Investing in Police Yields Quantifiable Benefits in Preventing Crime
RAND Review News for Summer 2010
Investing in Police Yields Quantifiable Benefits in Preventing Crime
Existing research on the costs of crime and the effectiveness of police can be used to create credible cost-benefit analyses of the value of investing in more police officers, according to a RAND study.
“Many cities face financial difficulties and have to make tough choices about how to spend taxpayers’ money,” said Paul Heaton, the study’s author and an associate economist at RAND. “The best available research suggests that police officers generate considerable value in economic terms.”
The costs of crime include those borne by victims, insurers, government, and society at large. The costs also include those that are tangible, such as a victim’s medical bills or lost productivity, and those that are intangible, such as reduced quality of life in a crime-ridden neighborhood.
The large net benefits come mostly from averting homicides.
The study estimates the cost of crime in seven major cities. Crime costs the residents of Dallas approximately $3.4 billion annually, or 4 percent of that city’s economic activity, while annual crime costs for residents of Chicago are roughly $8.3 billion, or nearly 6 percent of Chicago’s economic activity.

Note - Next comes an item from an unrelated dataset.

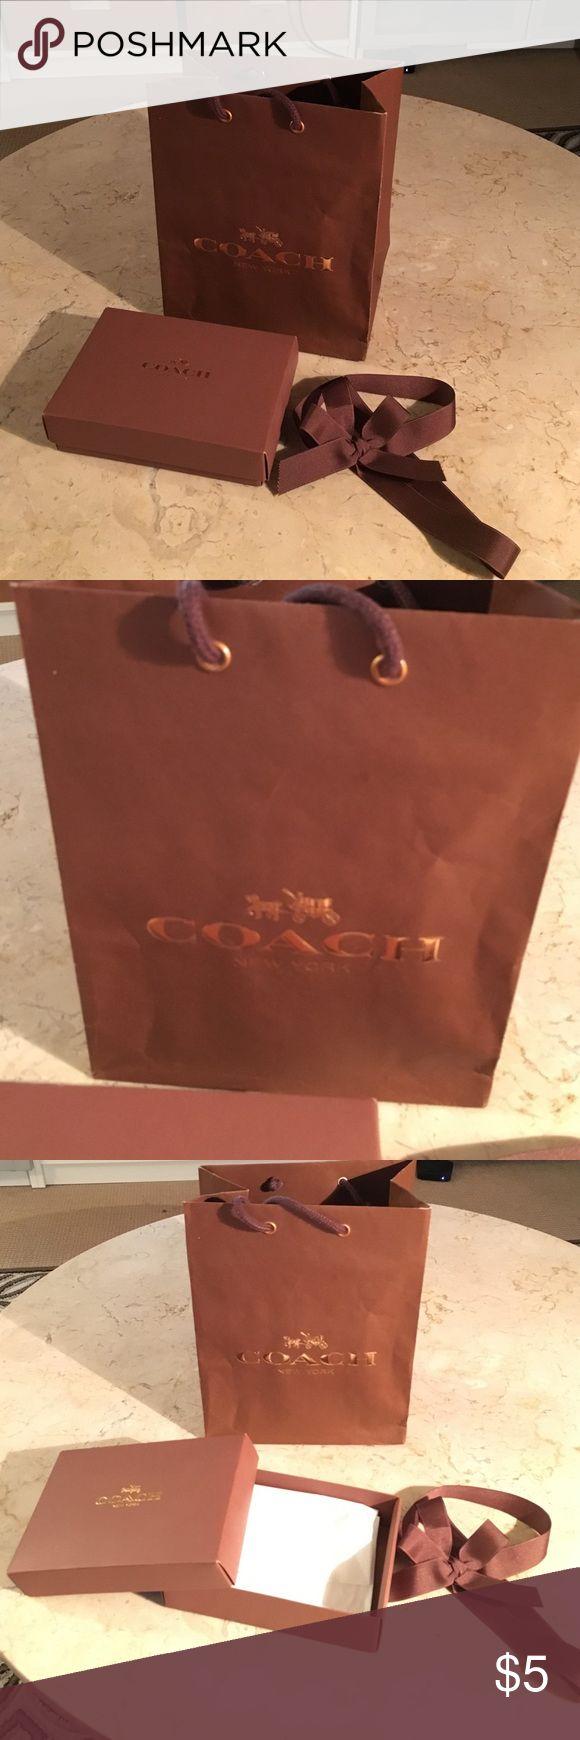 "Coach shopping bag, box and bow Coach shopping bag (7.75""w x 9.75""h x 4.75""d) box (7"" x 4.75"" x 1.75""h) and bow Coach Other"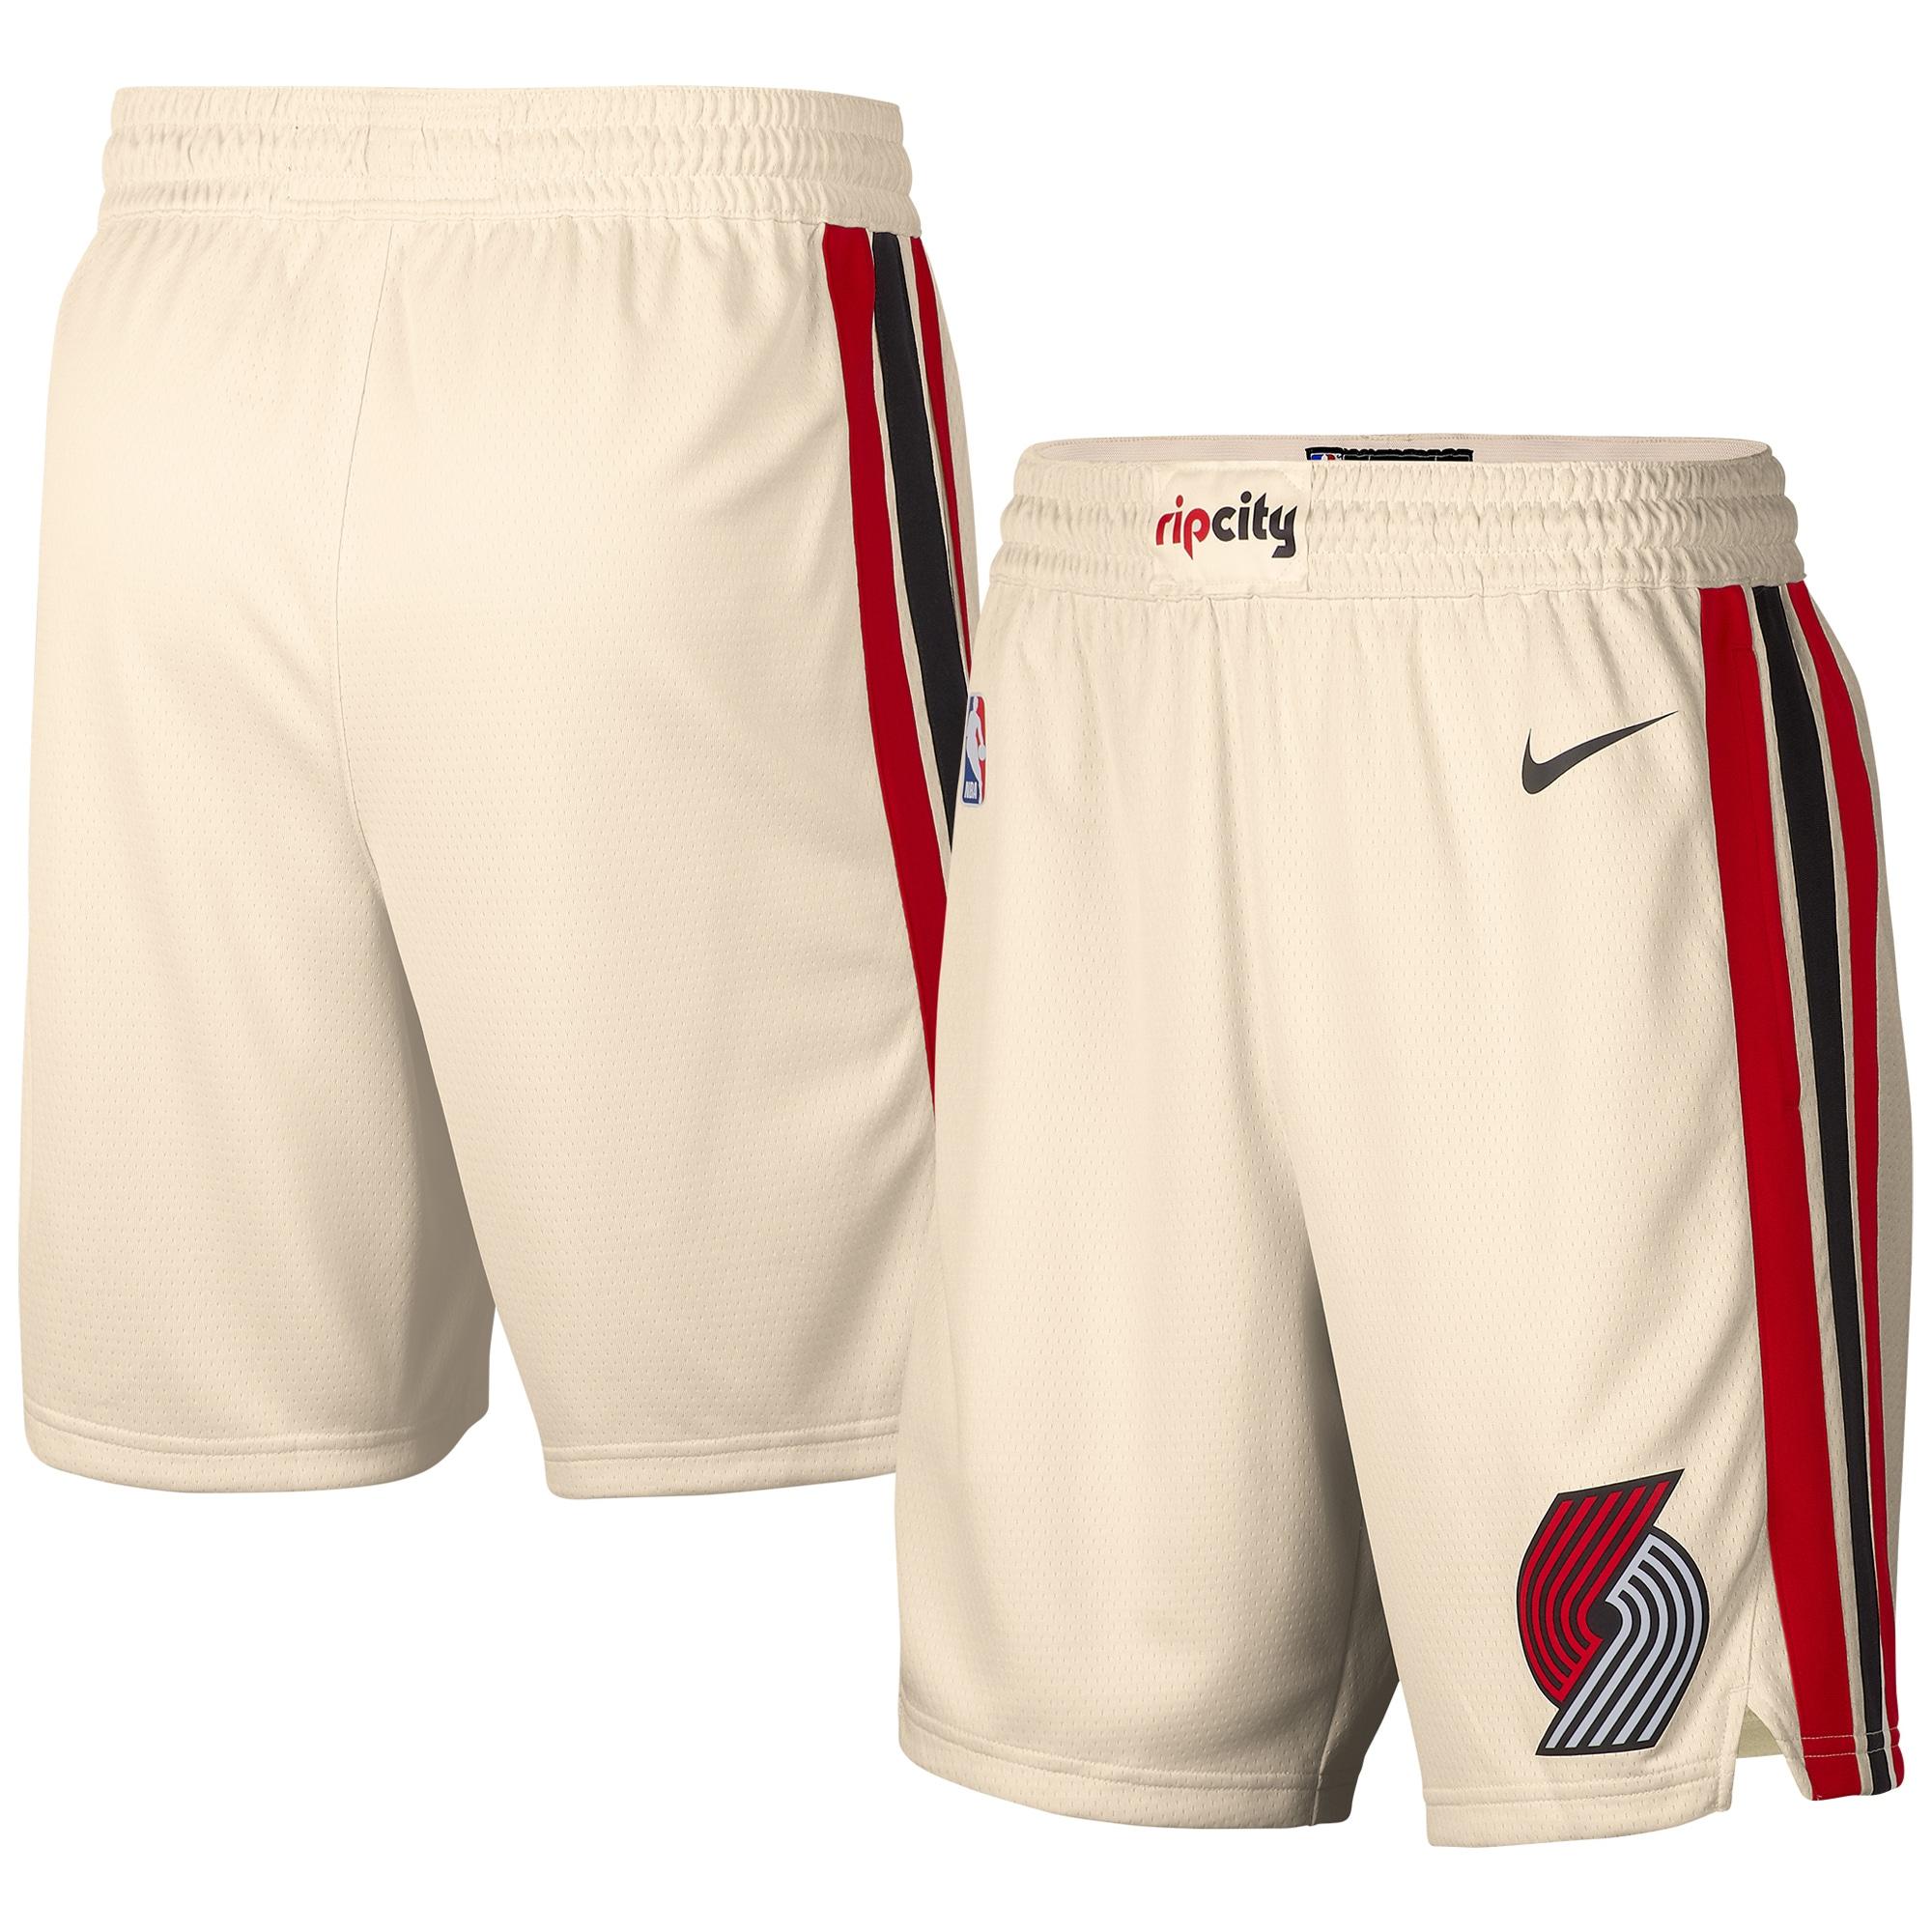 Portland Trail Blazers Nike 2019/20 City Edition Swingman Shorts - Cream

As a case example of the cost-benefit approach, the study compared the costs and benefits of the roughly 10-percent expansion of the police force in Los Angeles that began in 2005 at a projected cost of $125 million to $150 million per year. As the table shows, these additional officers are projected to reduce crime costs in the city by about $475 million each year, a value substantially above the cost of hiring the officers. The large net benefits come mostly from averting homicides.
Increasing the Number of Police in Los Angeles by 10 Percent Would More Than Pay for Itself in Crime-Reduction Benefits
| Crime Type | Average Yearly Number of Crimes in Los Angeles, 2005–2007 |
Projected Crimes Averted per Year from a 10-Percent Increase in Police | Cost per Crime (in U.S. dollars) |
Annual Projected Cost Savings (in millions of U.S. dollars) |
| Homicide | 453 | 42 | $8,649,216 | $363 |
| Rapea | 951 | 0 | $217,866 | 0 |
| Robbery | 13,743 | 814 | $67,277 | $55 |
| Serious assault | 14,169 | 414 | $87,238 | $36 |
| Burglary | 20,462 | 827 | $13,096 | $11 |
| Larcenya | 59,704 | 0 | $2,139 | 0 |
| Motor-vehicle theft | 24,872 | 1,094 | $9,079 | $10 |
| Annual aggregate cost savings (in millions) | $475 | |||
| Annual costs of increasing Los Angeles police force by 10 percent (in millions) | $125–$150 | |||
| Annual Net Cost Savings (in millions) | $325–$350 | |||
SOURCE: Hidden in Plain Sight, 2010. | ||||
The study reviewed several analytical methods, each with its pros and cons, for estimating the costs and benefits of police. The choice of methods and assumptions will influence the outcomes of the cost-benefit calculations. Many police investments, such as the expansion in Los Angeles, appear favorable across a wide range of alternative modeling assumptions.
“Public safety policymakers in a city should know the cost of crime to their city,” Heaton said. “This study provides the simple steps these communities need to estimate the crime cost, as well as steps to estimate the return on investment in police.”